Recommender Systems
I enjoy movies, particularly film critique and cinematography (you should check out the excellent YouTube series Every Frame A Painting for some thoughtful discussions on these topics). When looking for sample data to play with recommender systems, I compiled a list of movies I have seen, and my personal 1-10 rating for them here. Some common approaches to recommender systems are:
Demographic-based Recommendation
This approach recommends movie based on demographics (age, gender, race, etc…) of the user or the user’s friends. It has the benefit of not needing more detailed information from the user. But I’m not comfortable with scraping my friend’s social media feeds, so won’t be using it.
Context-based Recommendation
This is where recommendations would be made based on the user’s current context (eg. what webpages they view, products they buy, etc…). Sounds like it could be very accurate at least in the short term, but I also won’t be using it for reasons similar to above.
Collaborative Filtering
This is where I would look at people who like similar movies to me. The general assumption is that people who liked similar movies in the past will also like similar movies in the future. Collaborative filtering got attention in the wake othe Netflix Prize, where some competitors used matrix factorization on the matrix of reviews. One complication, called the “cold start” problem, is that since not everyone will have seen every movie, this matrix can be very sparse.
For my exercise, MovieLens has 2 free datasets available for public use: a more recent, frequently updated set with ~100,000 ratings and and larger archived set ~27,000,000 ratings. First, I had to clean my data a bit. Turns out, there are quite a few movies with the same titles (eg. “Richard III”, or “Aladdin”) but for simplicity’s sake I simply excluded them.
Then, I ran my data through an Alternating Least Squares (ALS) function. This involved training a model on MovieLens, adding my movies, then generating predictions. The Spark implementation of ALS allows users to deal with cold-start by either allowing NaN values for the prediction, or to drop rows containing them.
Some words about tools: Apache Spark
Since I’d be handling fairly large datasets, I looked into Apache Spark. Spark is written in Scala and its native API is also in Scala. Which means you’re also tied to the JDK for better and worse. Most notably, Spark 2.x only runs on Java 1.8. Depending on your setup, this could be a minor inconvenience, or a better part of an afternoon hunting down unsupported community versions of the JDK and linking your tools. If you don’t want to use the native Scala API there are interfaces for Python (PySpark), and R (SparkR and SparklyR). I went with PySpark.
Job management is done with a web GUI (default http://localhost:4040
), where you can view the queue of current and past jobs.

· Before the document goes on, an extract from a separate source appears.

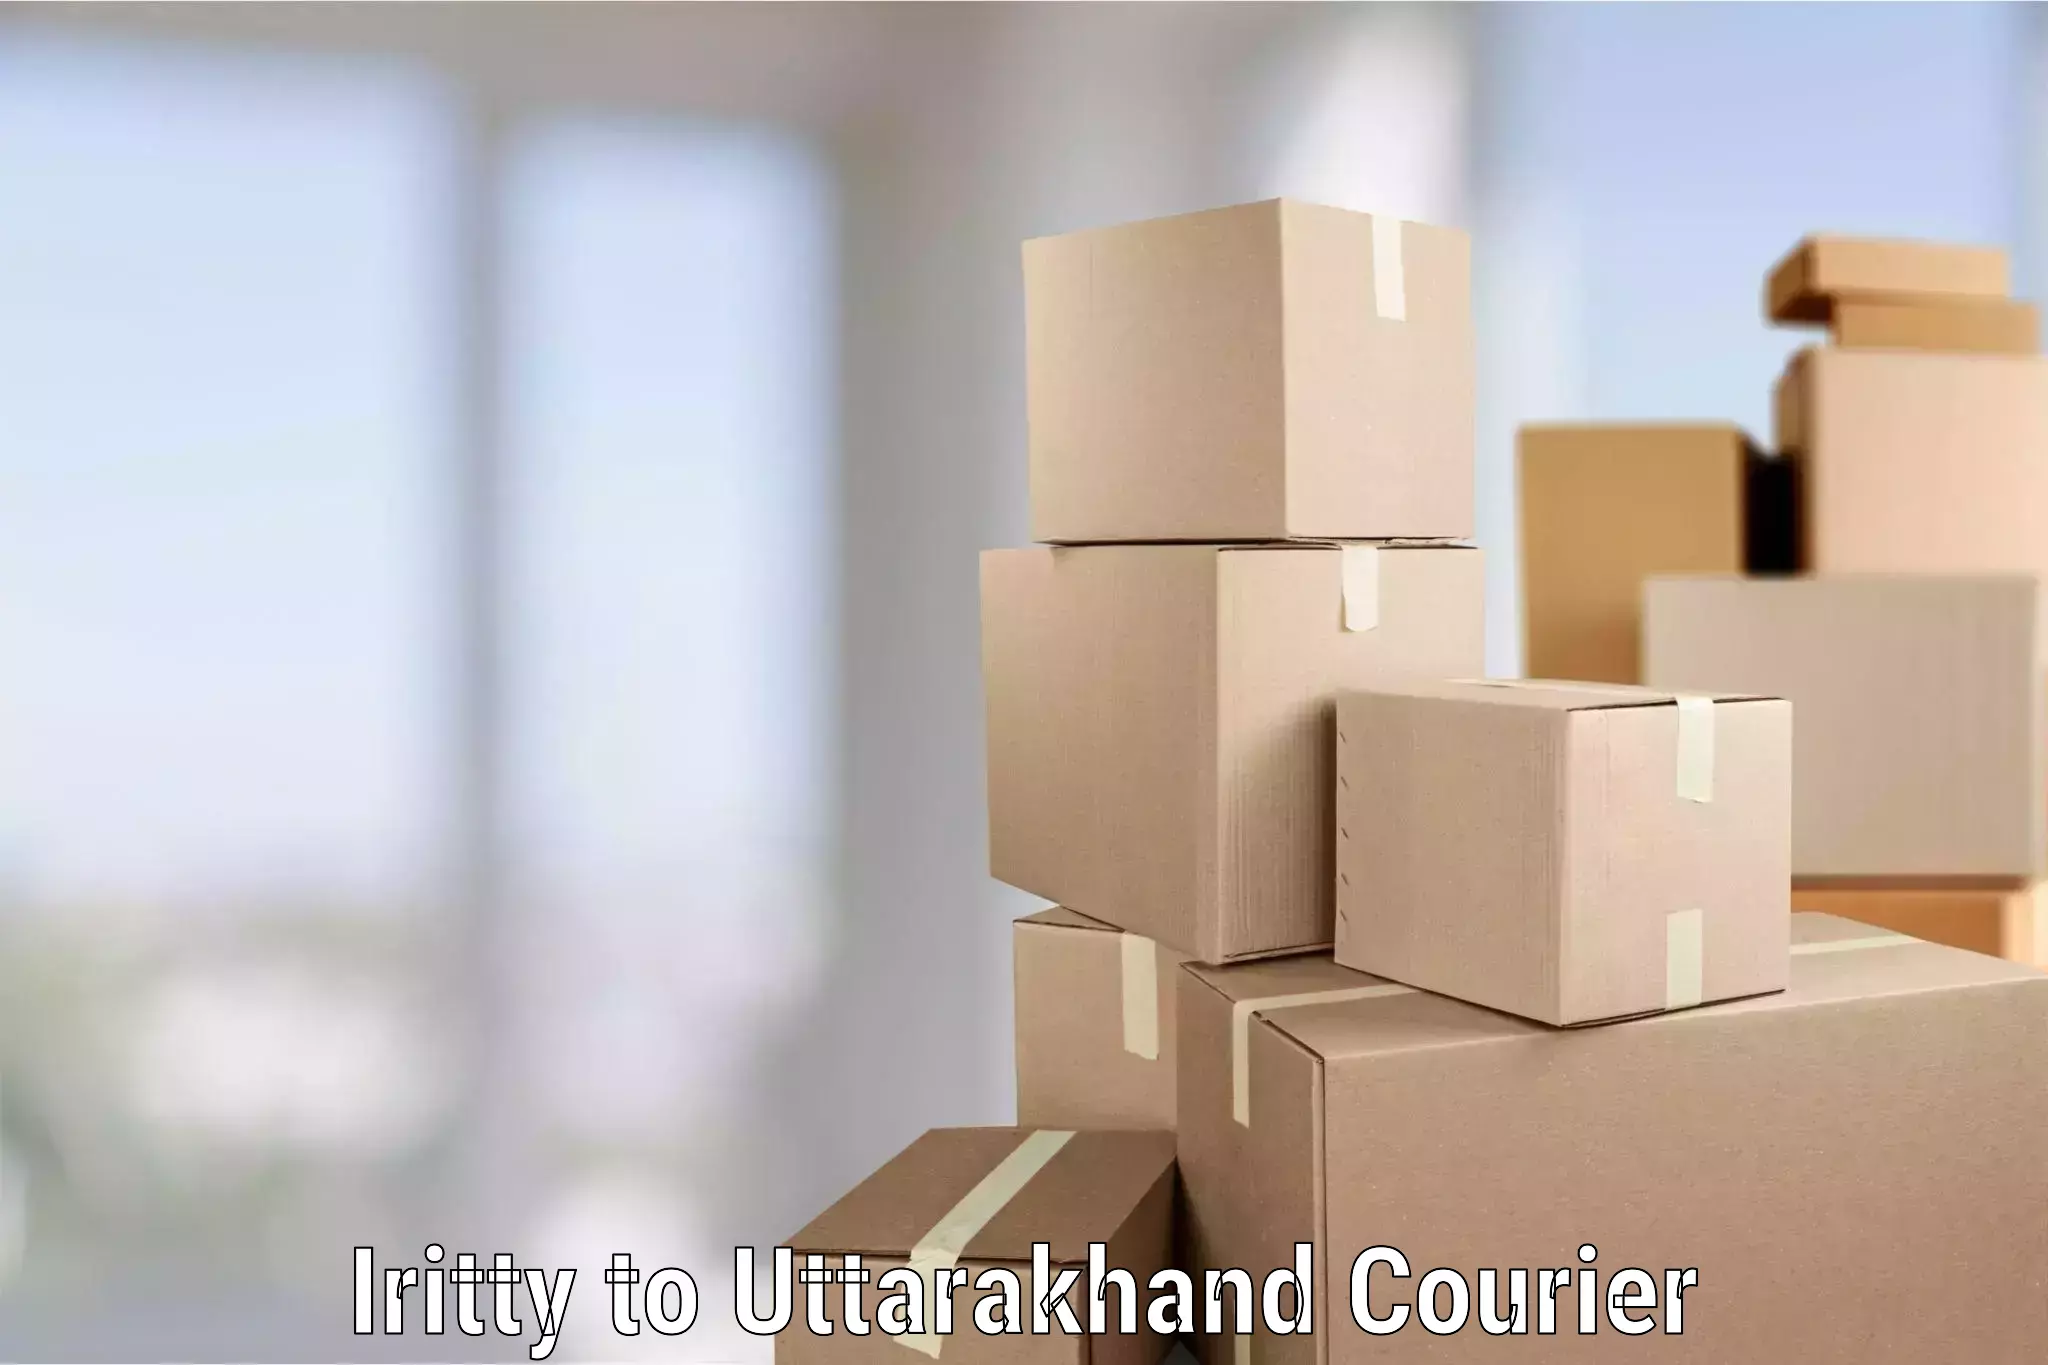 Moving and handling services Iritty to Rishikesh

Performance tuning in Spark can be a bit more involved.
Spark’s basic data structure is the Resilient Distributed Dataset (RDD). You can work with RDD directly, but for analyses it’s nicer to use Spark DataFrames. Spark DataFrames have similarities with, but are not entirely equivalent to Pandas dataframes. For one, Spark DataFrames are immutable, since they’re based on RDDs, which are themselves immutable, while Pandas dataframes are mutable. If that’s not enough ways to work, Spark also has an SQL interface.

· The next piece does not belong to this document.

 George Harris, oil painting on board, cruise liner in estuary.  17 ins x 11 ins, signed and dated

Spark’s machine learning API is changing from spark.mllib
(supporting RDDs) to spark.ml
(supporting Spark DataFrames), so new code should use the latter, though apparently the former is not deprecated. You can also plug in your favorite deep learning frameworks (Keras, DeepLearning4J) to do deep learning.
Content-based filtering
This is where I would look at find patterns in movies I like, and make recommendations based on those patterns. Here we’re recommending movies with synopses similar to the ones the user likes. The general steps are:
- I obtained an API key from OMDBAPI, which allows 1000 queries/day. Until I figure out how to query multiple movies in the same request, that means a maximum 1000 movies a day.
- Using the
pyCurlrequests
library, I fetched the metadata for movies in my list, specifically full text of the synopses. (pyCurl turned out to be more powerful but much more complicated than I needed) - Reduced the synopsis into keywords using the Rapid Automatic Keyword Extraction (RAKE) algorithm, which is part of the Python Natural Language Toolkit (NLTK).
- Calculate similarity between the movies’ keywords. Cosine similarity is often used, but other metrics could also work.
- Create a
recommendations()
function that gives the most similar movies (shortest cosine distance) to the one the user gives.

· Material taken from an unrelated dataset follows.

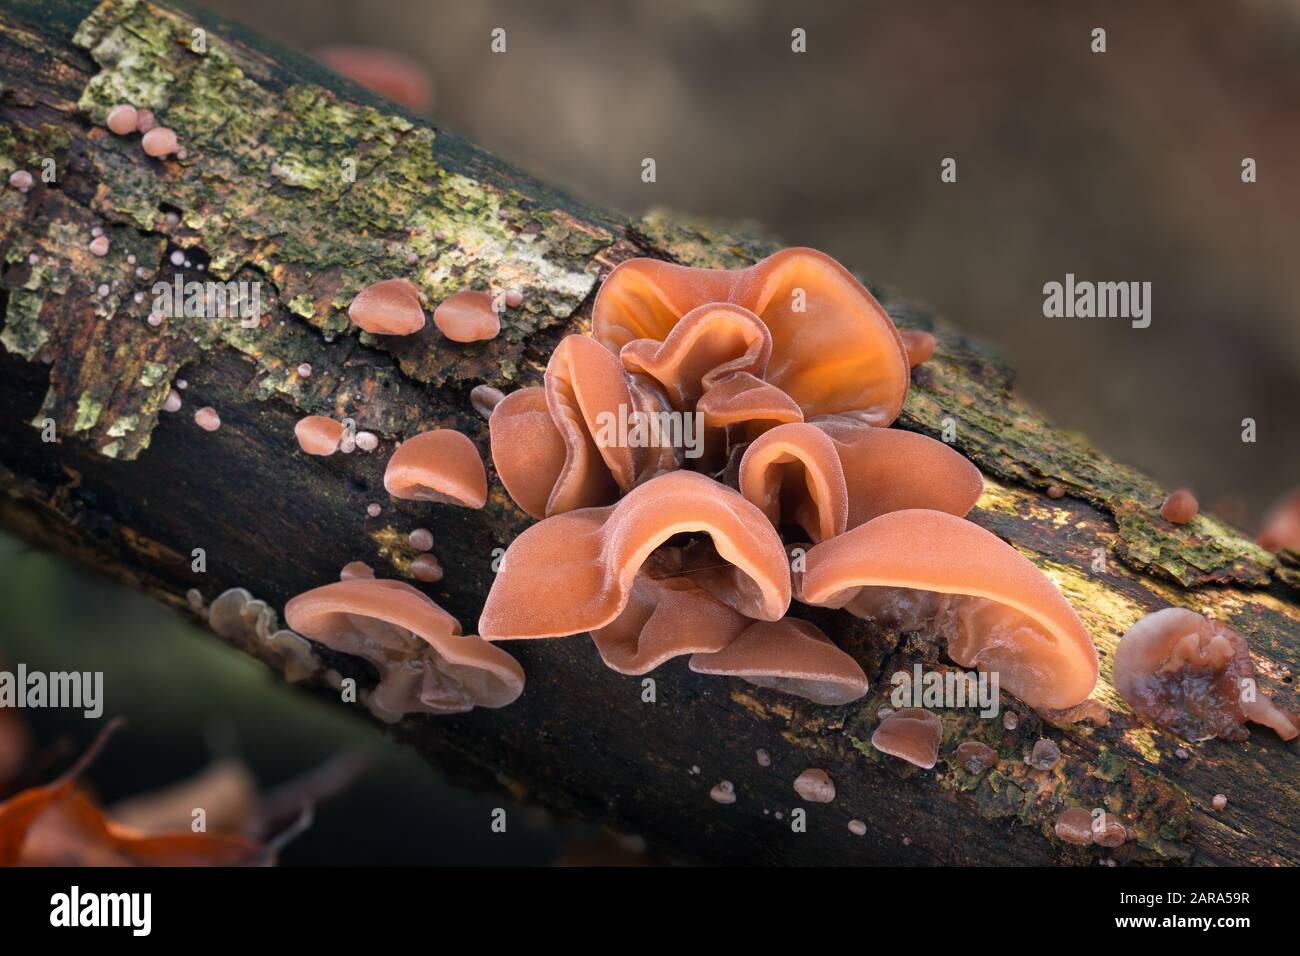 A tasty and healthy mushroom that grows on tree trunks. Seasonal delicacy. Stock Photo

Evaluating recommendations
Though accuracy is a traditional metric in recommendations, serendipity or the ability of a recommendation to pleasantly surprise you, is also important, as eloquently explained in Eugene Yan’s blog post.
References
I find Practical Recommender Systems to be a good overview, going from concepts to implementation details like how to track user interactions. As indicated by “practical” in the title, there is heavy emphasis on implementations at Netflix and Amazon, and an accompanying project.